In these test runs we overrode the mainframe system date within the test runs. In the final stage of testing we went a step further. We booted up a mainframe LPAR (logical partition) to run with the future dates. I managed this exercise. We had a corner of the office with a sign saying “you are now entering 2000”, and everything was done with future dates. This exercise flagged up further problems with code that we had been confident would run smoothly and also flushed out problems with the way our systems interacted with the operating system. It exposed how much we didn’t know that we didn’t know!Y2K was a fascinating time in my career because I was at a point that I now recognise as a sweet spot. I was still sufficiently technically skilled to do anything that my team members could do, even being called on to fix overnight production problems. However, I was sufficiently confident, experienced and senior to be able to give presentations to the most senior managers explaining problems and what the appropriate solutions would be.
For these reasons I know what I’m talking about when I write that Y2K was a huge problem that had to be tackled. The UK’s financial sector would have suffered a massive blow if we had not fixed the problem. I can’t say how widespread the damage might have been, but I do know it would have been appalling.
My personal millennium experience
When I finished with Y2K in September 1999, at the end of the future mainframe exercise, at the end of a hugely pressurised 30 months, I negotiated seven weeks leave and took off to Peru. IBM could be a great employer at times! My job was done, and I knew that General Accident, or CGU as it had evolved into by then, would be okay. There would inevitably be a few glitches, but then there always are in IT.I was so relaxed about Y2K that on my return from Peru it was the least of my concerns. There was much more interesting stuff going on in my life. I got engaged in December 1999, and on 31st December Mary and I bought our engagement and wedding rings. That night we were at a wonderful party with our friends, and after midnight we were on Perth’s North Inch to watch the most spectacular fireworks display I’ve ever seen. 1st January 2000? It was a great day that I’ll always remember happily.
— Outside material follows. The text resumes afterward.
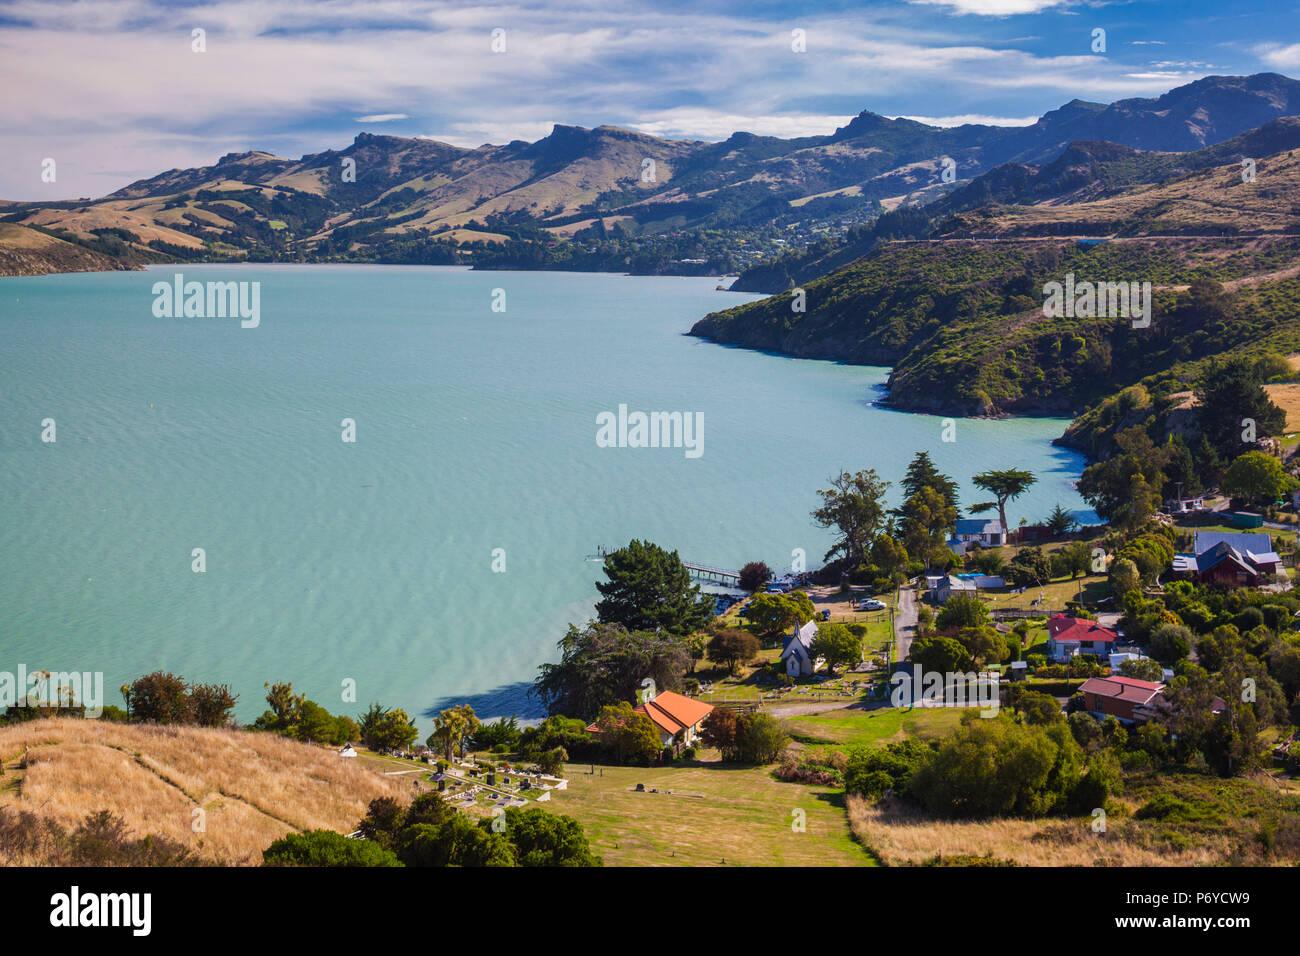 Neuseeland Christchurch: Neuseeland Christchurch Stockfotos & Neuseeland

It was far from being a disaster, and that was thanks to people like me.
PS – I have written a follow up article explaining why “fix on failure” was based on an infantile view of software failure. We were less concerned about the possibility of business critical systems crashing – we were confident we could stop that – than the very real danger that they would keep running but producing inaccurate financial output that might be hard to detect.